C’est quoi une “trend” ?
Pour comprendre “Six Seven”, il faut aussi comprendre ce qu’est une trend. Une trend, sur TikTok, Instagram Reels ou YouTube Shorts est une tendance virale. Ce n’est pas seulement une vidéo qui marche. C’est un format que d’autres utilisateurs peuvent reprendre, imiter, détourner et reconnaître immédiatement. Une trend peut être un son, une phrase, une chorégraphie, un filtre, une expression du visage, un geste, un montage, une blague ou une situation. Sa force vient de sa simplicité. Plus elle est facile à reproduire, plus elle peut circuler vite. Ce n’est pas seulement du contenu. C’est une sorte de langage prêt à l’emploi. Une trend fonctionne souvent comme un « mot de passe ». Ceux qui la reconnaissent comprennent immédiatement la référence. Ceux qui ne la reconnaissent pas restent à l’extérieur. C’est précisément ce qui donne à ces tendances leur pouvoir social.
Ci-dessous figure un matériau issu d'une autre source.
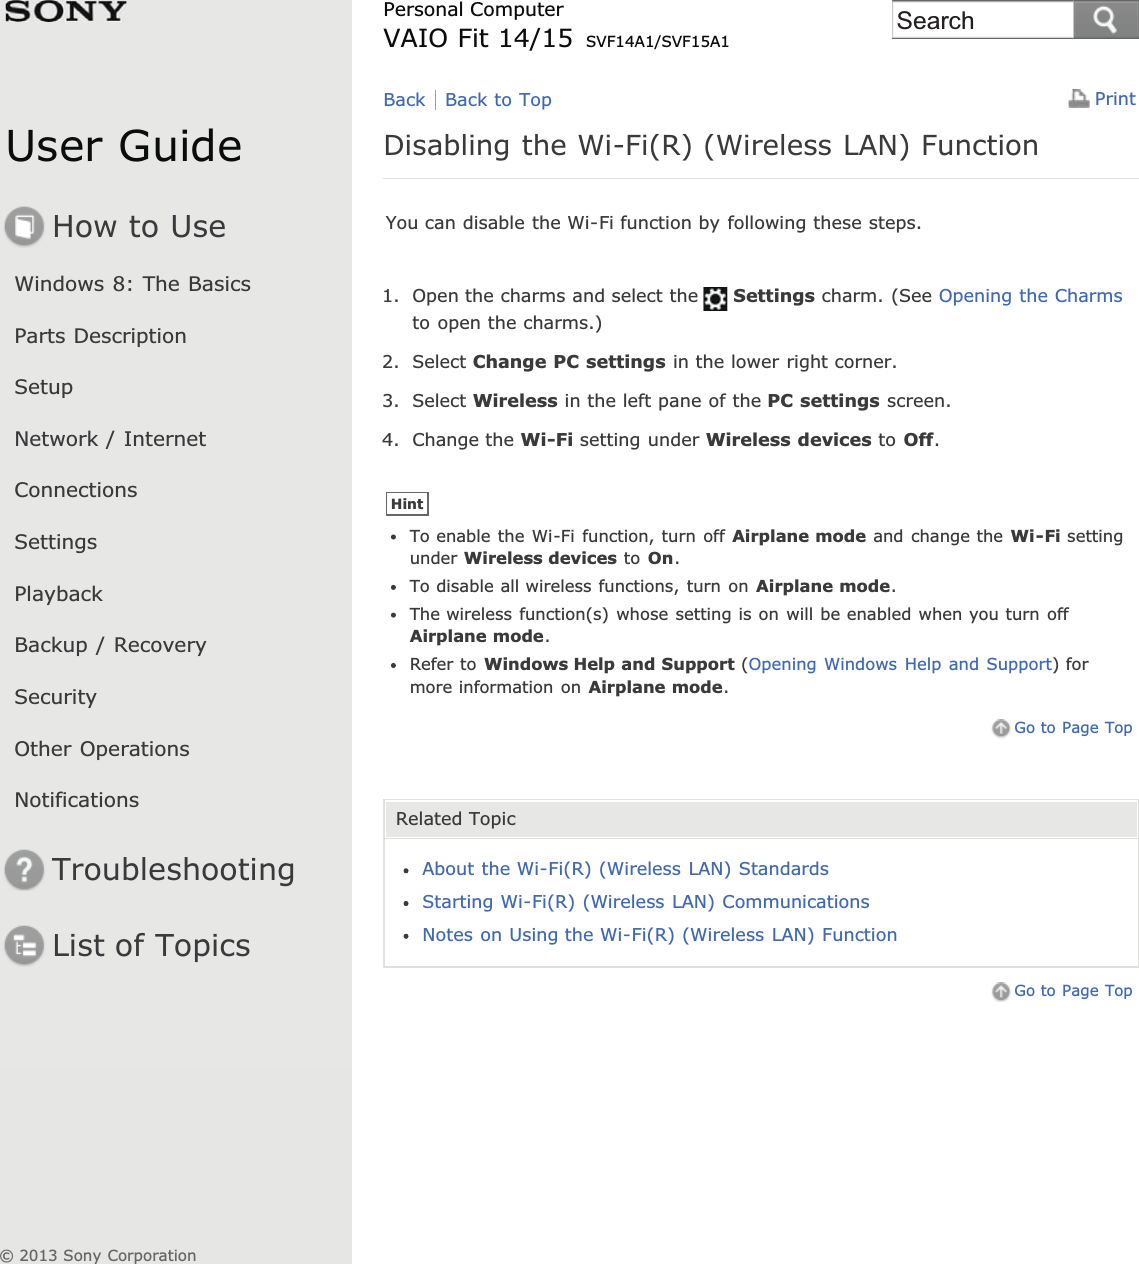 User GuideHow to UseWindows 8: The BasicsParts DescriptionSetupNetwork / InternetConnectionsSettingsPlaybackBackup / RecoverySecurityOther OperationsNotificationsTroubleshootingList of TopicsPrintPersonal ComputerVAIO Fit 14/15 SVF14A1/SVF15A1Disabling the Wi-Fi(R) (Wireless LAN) FunctionYou can disable the Wi-Fi function by following these steps.1. Open the charms and select the Settings charm. (See Opening the Charmsto open the charms.)2. Select Change PC settings in the lower right corner.3. Select Wireless in the left pane of the PC settings screen.4. Change the Wi-Fi setting under Wireless devices to Off.HintTo enable the Wi-Fi function, turn off Airplane mode and change the Wi-Fi settingunder Wireless devices to On.To disable all wireless functions, turn on Airplane mode.The wireless function(s) whose setting is on will be enabled when you turn offAirplane mode.Refer to Windows Help and Support (Opening Windows Help and Support) formore information on Airplane mode.Go to Page TopRelated TopicAbout the Wi-Fi(R) (Wireless LAN) StandardsStarting Wi-Fi(R) (Wireless LAN) CommunicationsNotes on Using the Wi-Fi(R) (Wireless LAN) FunctionGo to Page TopBack Back to Top© 2013 Sony CorporationSearch

Il y a eu Skibidi Toilet, les “NPC lives”, les vidéos “sigma”, les expressions comme “rizz”, “delulu”, “cringe”, “slay”, “Ohio”, les montages absurdes, les images manga accompagnées de phrases pseudo-profondes ou ironiques. Chaque trend dure plus ou moins longtemps, mais toutes participent à une même logique : créer des codes rapides, imitables, reconnaissables et l’usage de l’IA a accéléré le phénomène.
Avant TikTok, il y avait déjà le verlan
On pourrait croire que ces expressions absurdes ou cryptées sont un phénomène entièrement nouveau. Ce serait une erreur. Les jeunes n’ont pas attendu TikTok pour transformer la langue, détourner les mots, inventer des codes et agacer les adultes. En France, l’exemple le plus évident est le verlan. Le principe est simple : inverser les syllabes ou les sons d’un mot. “Femme” devient “meuf”, “louche” devient “chelou”, “lourd” devient “relou”, “flic” devient “keuf”. Le procédé existait avant les années 1980, mais il devient particulièrement visible dans les années 1970 et 1980, avant d’être largement diffusé par les cultures urbaines, le hip-hop, le rap, les médias et la culture populaire. L’INA rappelle qu’en 1986, le verlan était déjà présenté comme très présent chez les adolescents, avec une dimension de reconnaissance, d’indépendance et même de séduction. Le verlan ne sert pas seulement à parler autrement. Il sert à appartenir. Il fabrique une frontière symbolique entre ceux qui comprennent et ceux qui ne comprennent pas. Il permet aux jeunes de créer un espace linguistique à eux, à distance du langage scolaire, parental ou institutionnel.
C’est un point essentiel. L’adolescent ne cherche pas seulement à transmettre une information. Il cherche aussi à se situer dans un groupe. Utiliser le bon mot, au bon moment, avec la bonne intonation, c’est montrer que l’on connaît les règles implicites du groupe. C’est une forme de carte d’identité sociale.
Du verlan à TikTok : même fonction, nouvelle vitesse
Le parallèle avec TikTok est évident. “Six Seven” n’est pas du verlan. Ce n’est même pas vraiment un mot nouveau. C’est plutôt un micro-code viral : un son, un geste, une blague, une manière de répondre sans répondre. Mais sa fonction sociale ressemble à celle du verlan : créer de la connivence, marquer l’appartenance, jouer avec l’exclusion des adultes et transformer une absurdité apparente en signe de reconnaissance. La grande différence tient à la vitesse. Le verlan pouvait mettre des années à circuler, à se stabiliser, puis à entrer dans le langage courant. Certaines expressions sont devenues tellement banales qu’elles ne semblent presque plus appartenir à un langage jeune. “Meuf”, “relou” ou “chelou” sont aujourd’hui largement compris par les adultes.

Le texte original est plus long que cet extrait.